Jesus, he wanted to help her. He wanted to disappear with her. He wanted—He shook his head. “That’s no answer to anything. You couldn’t run forever, Sally.”

“I wouldn’t bet on it.” She turned, clutching her clothes to her chest, and went back into the bathroom.

He started to shout through the bathroom door that he liked the small black mole on the right side of her belly. But he didn’t. He sat down on the chintz sofa and tried to figure things out.

“Thelma,” he said after he’d swallowed a spoonful of the lightest, most beautifully seasoned scrambled eggs he’d ever tasted in his life, “if you were a stranger and you wanted to hide here in The Cove, where would you go?”

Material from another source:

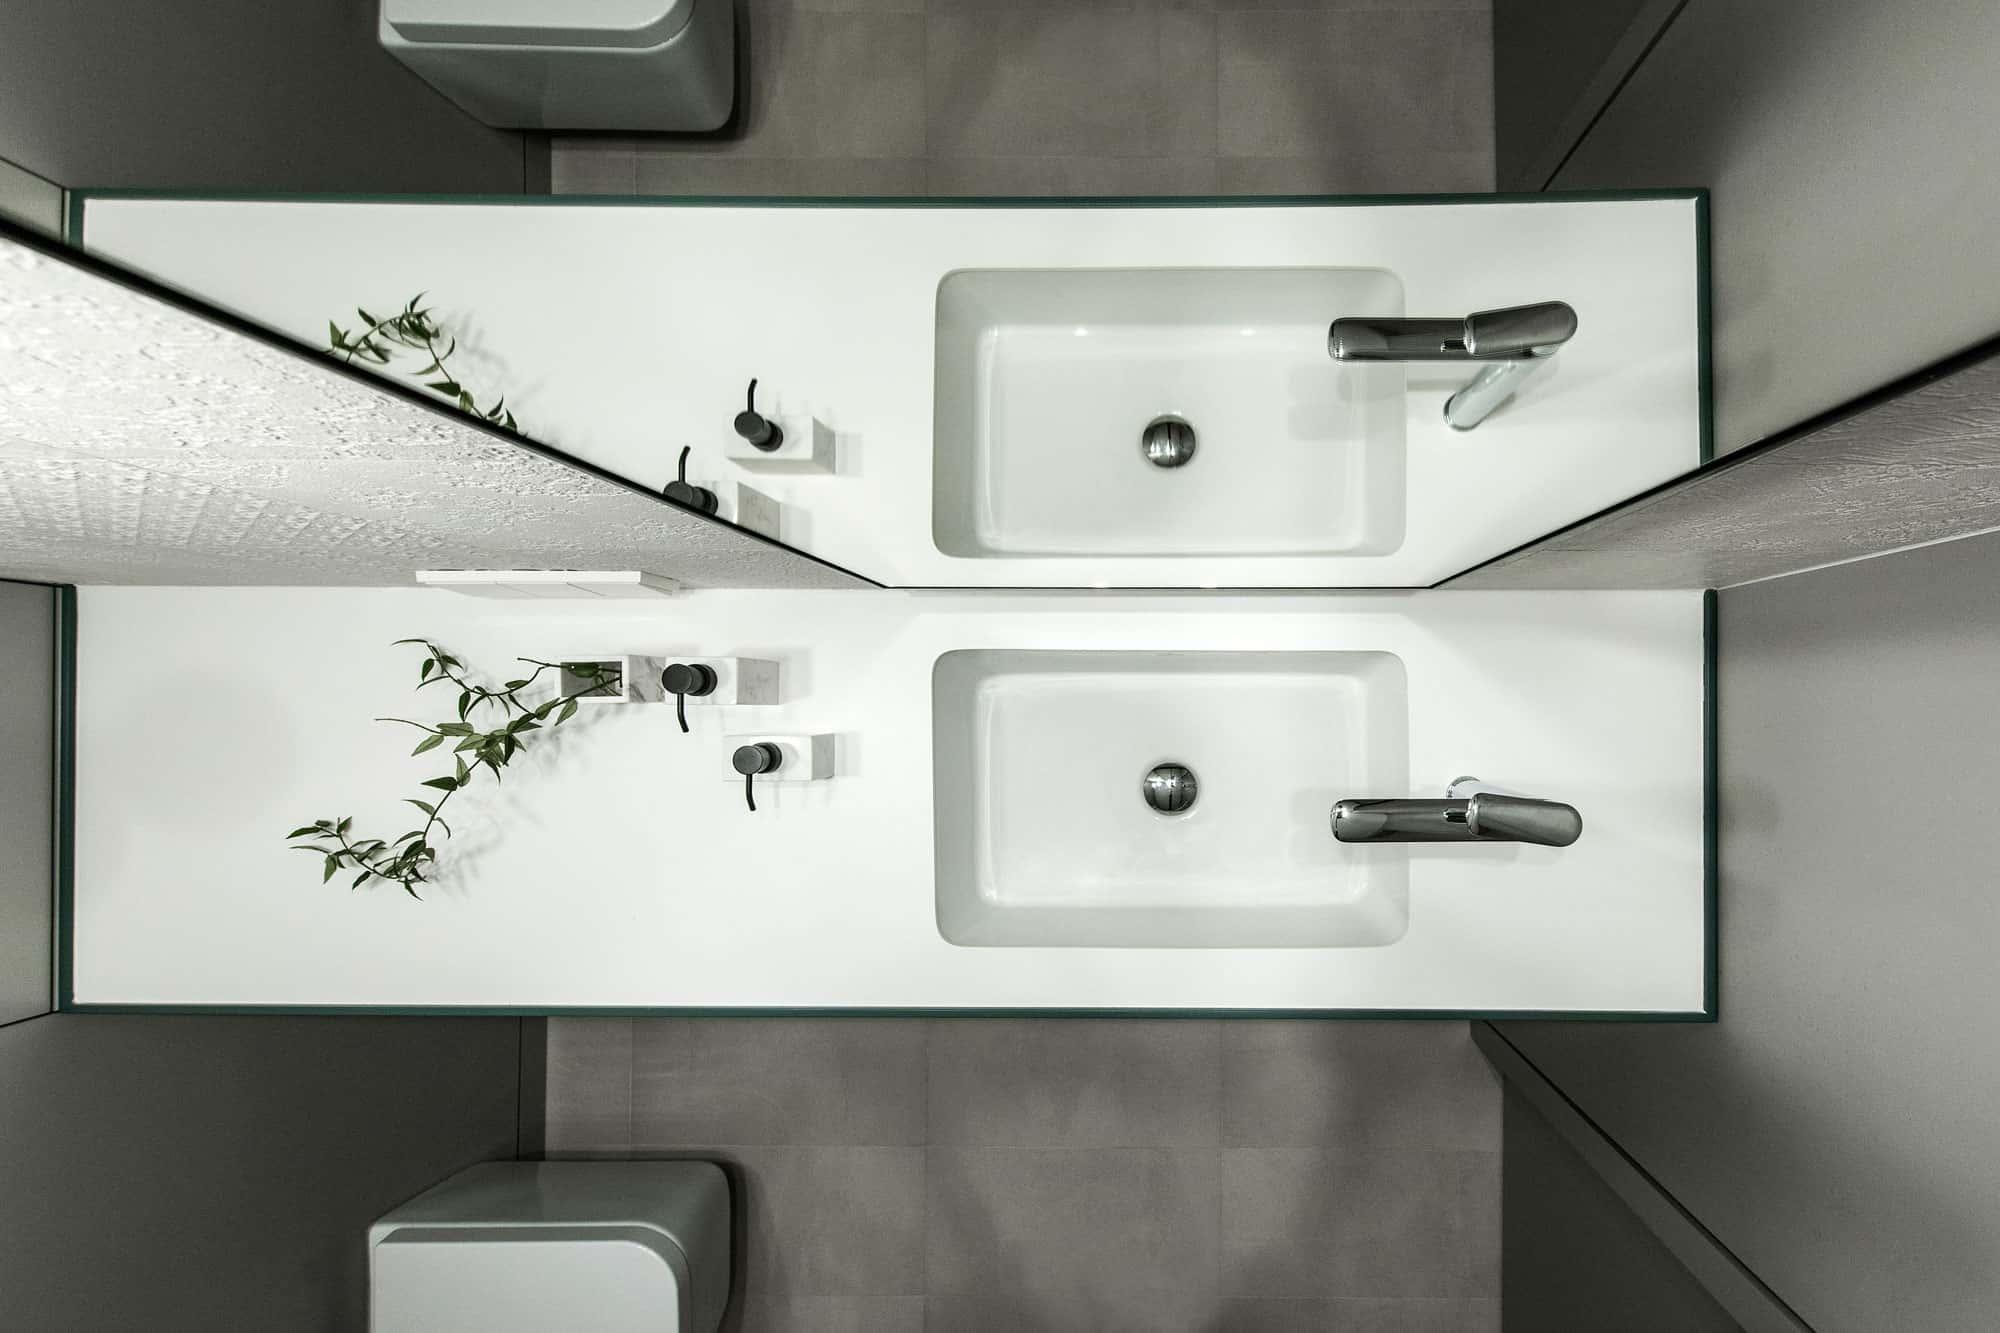 Apartment-interior-in-Basanavicius-street-11

Thelma ate one of her fat sausages, wiped the grease off her chin, and said, “Well, let me see. There’s that dilapidated little shack just up on that hillock behind Doc Spiver’s house. But I tell you, boy, I’d have to be real desperate to hole up in that place. All filled with dirt and spiders and probably rats. Nasty place that probably leaks real bad when it rains.” She ate another sausage, just forked the whole thing up and stuffed it into her mouth.

Martha came up beside her and handed her a fresh napkin. Thelma gave her a nasty look. “You think I’m one of those old ladies who will dribble on themselves if a handmaiden isn’t right on the spot to keep her clean?”

“Now, Thelma, you’ve been twisting the other napkin around until it’s a crumpled ball. Here, take this one. Oh, look, you got some sausage grease on your diary. You’ve got to be more careful.”